2. The method according to claim 1, characterized in that the word components "zero", "one", "two", "three", "four", "five", "six", "seven", "eight", " nine "," ten "," eleven "," twelve "," thirteen "," fourteen "," fifteen "," sixteen "," seventeen "," eighteen "," nineteen "," twenty "," thirty " , "Forty", "fifty", "sixty", "seventy", "eighty", "ninety", "hundred", "one hundred", "two hundred", "three hundred", "four hundred", "five hundred", " six hundred "," seven hundred "," eight hundred "," nine hundred "," thousand "," million "," one million "are recognized as word components and are assigned to the corresponding numerical values 0, 1, 2, .., 1000, 1000000.

3. The method according to any one of the preceding claims, characterized in that single-digit digits are formed directly from the numerical values determined from the dictionary.

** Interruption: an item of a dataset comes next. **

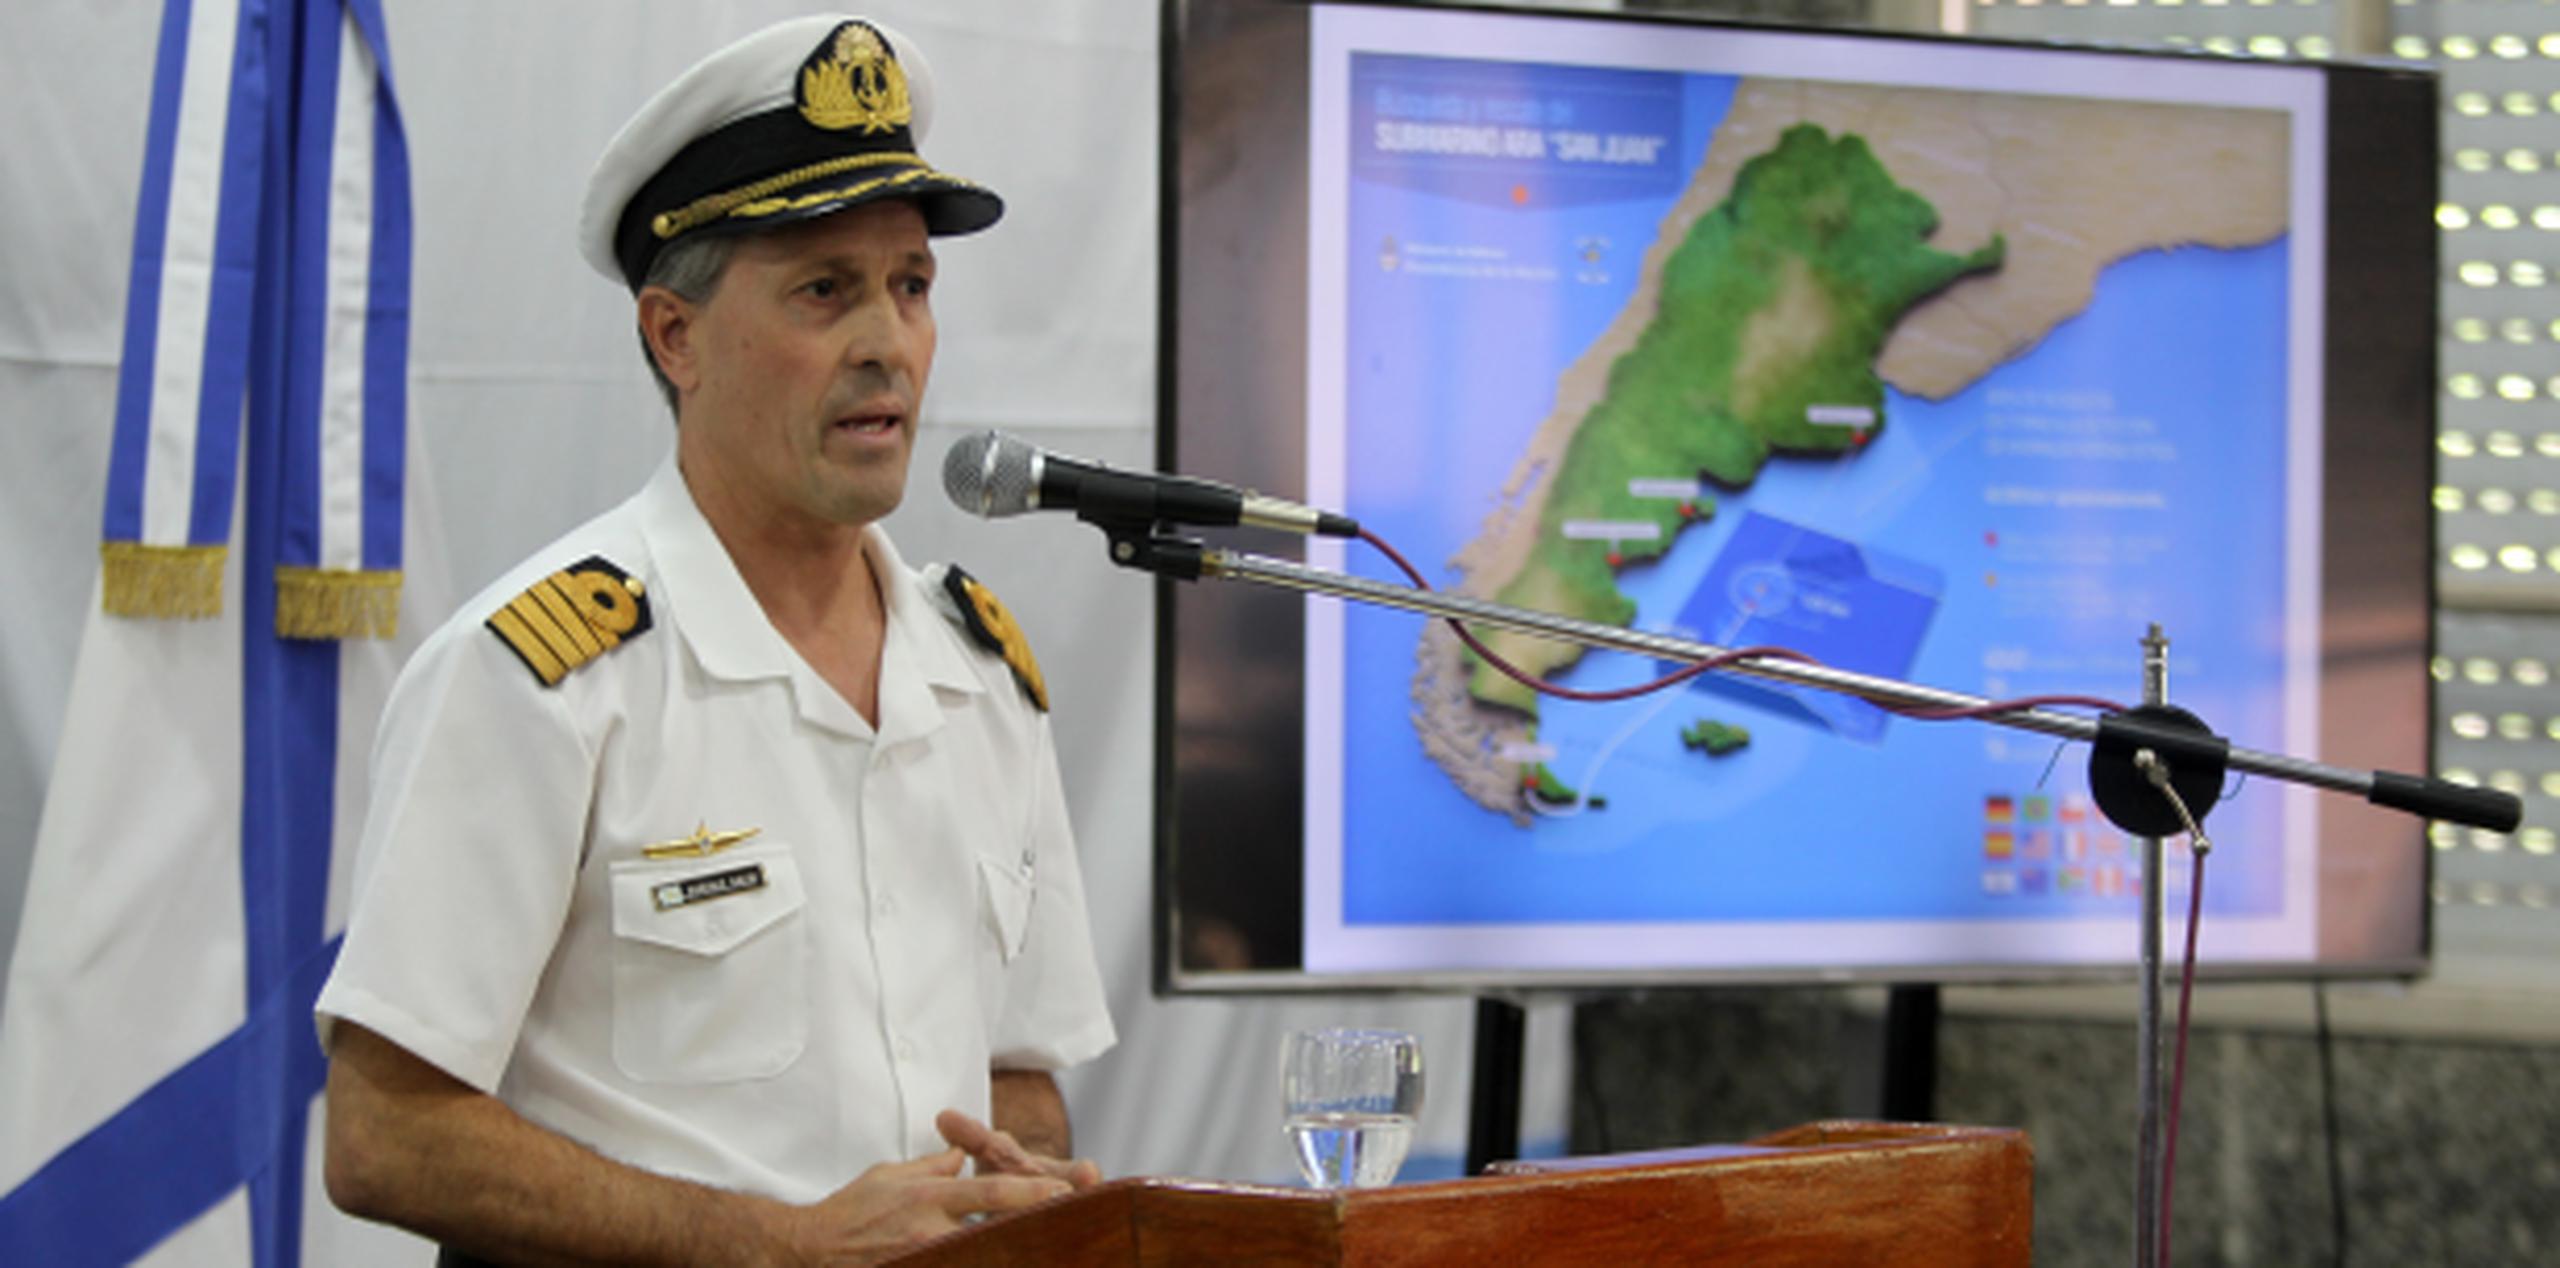 Enrique Balbi, portavoz de la Armada argentina, habla durante la conferencia de prensa. (EFE/Carlota Ciudad)

4. The method according to any one of the preceding claims, characterized in that a series of several individual digits are formed from a chain-like connection of the individual numerical values.

5. The method according to any one of the preceding claims, characterized in that in the case of two-digit digits a distinction is made between a tens range (teensection) and an overlying two-digit number range (decimal section), digits in the tens range directly from the numerical values and digits assigned to the recognized word components in the decimal range by adding the individual numerical values.

6. The method according to any one of the preceding claims, characterized in that a number in the hundreds range is formed by multiplying the numerical value recorded in front of the word component "hundred" by the numerical value "100" and - if available - an addition of the numerical values determined according to the preceding claims ,

7. The method according to any one of the preceding claims, characterized in that a number in the thousands range is formed by multiplying the numerical value recorded in front of the word component "thousand" by the numerical value "1000" and - if available - an addition of the numerical values determined according to the preceding claims ,

8. The method according to any one of the preceding claims, characterized in that a number in the thousands range by multiplying the numerical value recorded in front of the word component "hundred" by the numerical value "100" and - if available - one Addition of the numerical values determined in the preceding claims is formed.

9. The method according to any one of the preceding claims, characterized in that a number in the tens of thousands range is formed by the teensection or the decimal section in front of the word component "thousand" and the subsequent hundreds range.

10. The method according to any one of the preceding claims, characterized in that a number in the hundreds of thousands range is formed by the recognized hundreds range in front of the word component "thousand" and the subsequent hundreds range.

11. The method according to any one of the preceding claims, characterized in that the word component "million" or "one million" is recognized as a single numeric word.